Going Raw!

Green Gizmo

New member
Tossing aside a lot of the fancy gear and plugins and getting back to that raw sound for the next project.
I have a stack of albums with fake drums, perfectly cut transitions and every effort to take the human element out of music.

Do you think that audio engineers quest for producing the best end result and try to eliminate human element?
Also why do musicians who worked so hard on their skills get into recording and try to do the same thing?

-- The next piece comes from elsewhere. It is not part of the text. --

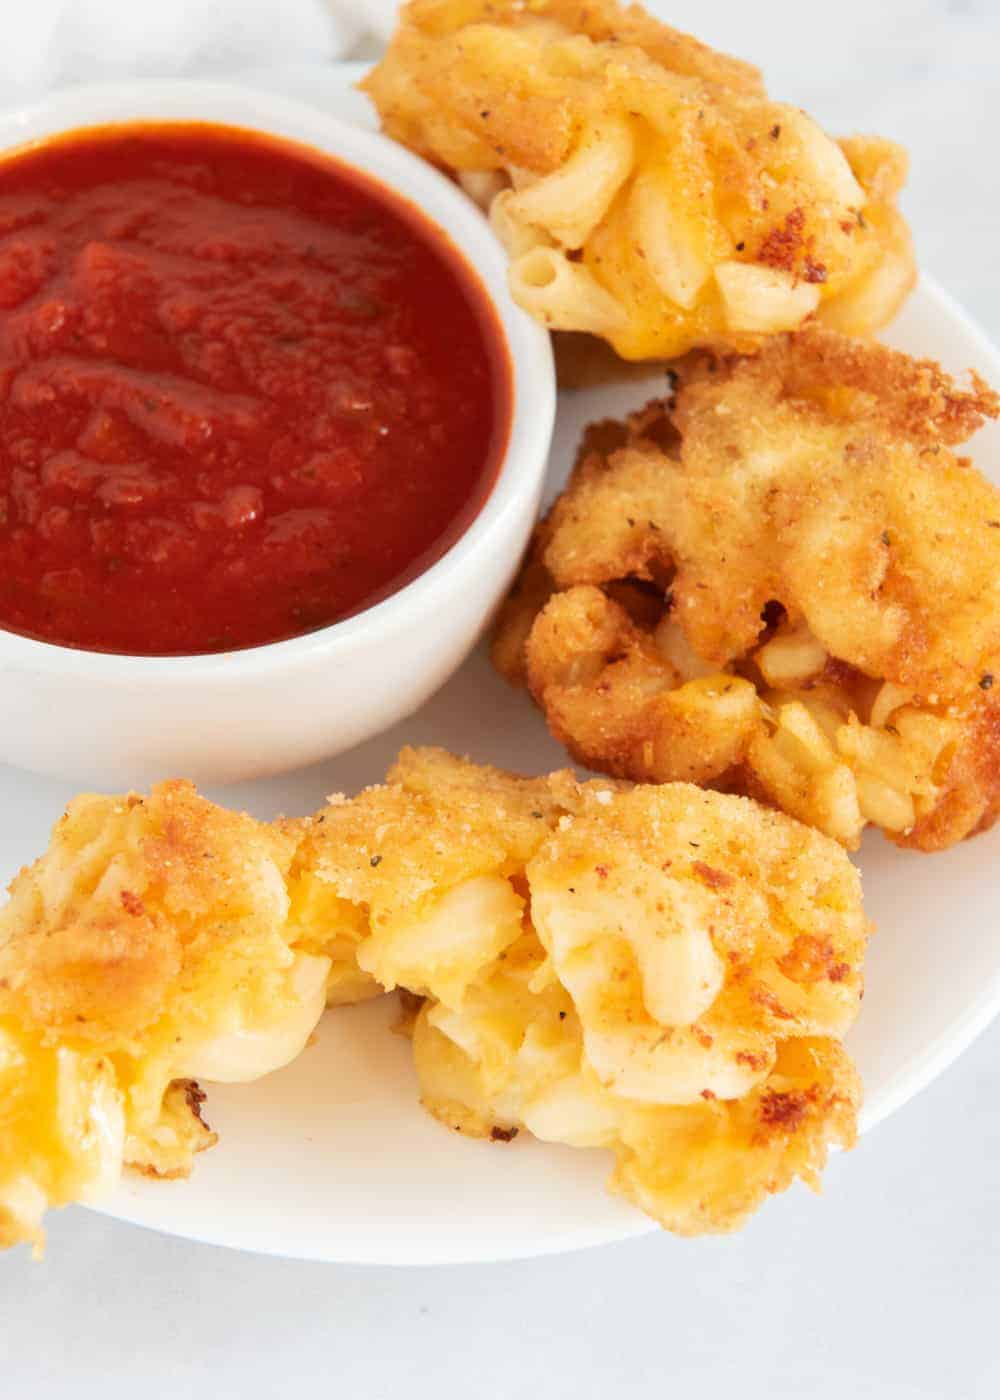 Fried macaroni and cheese with a bowl of marinara.

Its not that I miss the days of slicing tape and cleaning tape heads but what you put to tape was human.
 
For the same reason that all cars made now are specifically aerodynamic, ovens are fan assissted, TVs are digital flatscreened and you barely find anyone making cassette recorders etc.
There tends to be this popular myth that "that's how it is now ", that somehow, this is a modern recent thing. It isn't. It's the way we're made and the way we are, for better or for worse. It was in the 1940s that Lester Paul worked on "Sound on sound" recording that developed into multitracking. Many studios of the 50s were using wartime mics and old gear bought cheaply when the war ended and there was little call for the stuff. But even then, there were those that sought to totally eliminate hiss and other noise factors. Part of the rarely mentioned story of recording technology is the quest for near perfection. What we do so seemlessly with digital today is merely an extension of the then manual quest for ease and perfectness. Perfect drums ? Alot of the time the drummers in the band didn't play on records. They got faceless but solid sessionists to do all that. Same with guitars. Engineers were splicing sections of tape and editing together different takes to make a cohesive whole a very long time ago. You'd be amazed at the number of well known songs that are 'put together'. Instruments like the mellotron and synthesizer were said to be the death of music putting real living musicians out of work because of the range of sounds they could achieve. The drum machine was a pariah when it first arrived in the 70s but back then in the good old days of tape and fantastic, inventive drummers, people still wanted metronome rigidity. But no one had been complaining that suddenly drummers were all playing out of time.
The more you take a critical view of the halcyon days, the more it becomes apparent that there are some fundamentals that have not changed.
So coming back to your opening post, it seems to me that at times we come full circle simply because we're human. We get bored being in the same place endlessly. They said disco took the human element out of music. They said it about house, hip hop, industrial, electronica. They said punk was too human, that prog was too cerebral and free jazz too 'out there'. None of today's techniques take the human element out because it's humans that make them and utilize them. If anything, it says bundles about the human race ~ whether for better or worse is everyones' opinion and anyone's call.
 
I agree with a good portion of what you said and I fully support innovation but there are game changers. I think plug n play drummers have helped people have access to quality drum samples and produce music on their own with out investing in a large set up to rec drums. I have been a drummer and guitarist for almost 20 years and I have used my TD-20 kit with drummer superior plenty of times because don't have to do the session in one sitting I can get back to it in a week and its great. But all the things you mentioned still took humans to perform even disco, programming drums that are quantized takes a human to program but its a pretty lifeless performance. Now its bleeding into guitar playing, just program what you want into guitar pro and when it gets as easy as toontrack stuff why even play the guitar? I have been hearing a good amount of bassist being replaced by programs.
So getting back to the point you were making that with all genres of music there was controversy but all involved humans to perform the instruments. But out of all the years of music this is the first time we are seeing the musician being replaced. Creativity is still a key factor in any song but I just feel that the human mechanics is what connects me to music. If I know that the drums were programmed nothing is impressive about the performance.
And all this is coming from a guy who owns a ton of gear, programs and tech :) I just hope the demand for a real drummer and guitarist stays a priority and the innovations support the musician not replace them.
 
Depends on the genre. If you are talking about Nu-Metal then everything is perfectly edited, vocal corrected, compressed etc to hafve a flawless sound where everything is up front in your face.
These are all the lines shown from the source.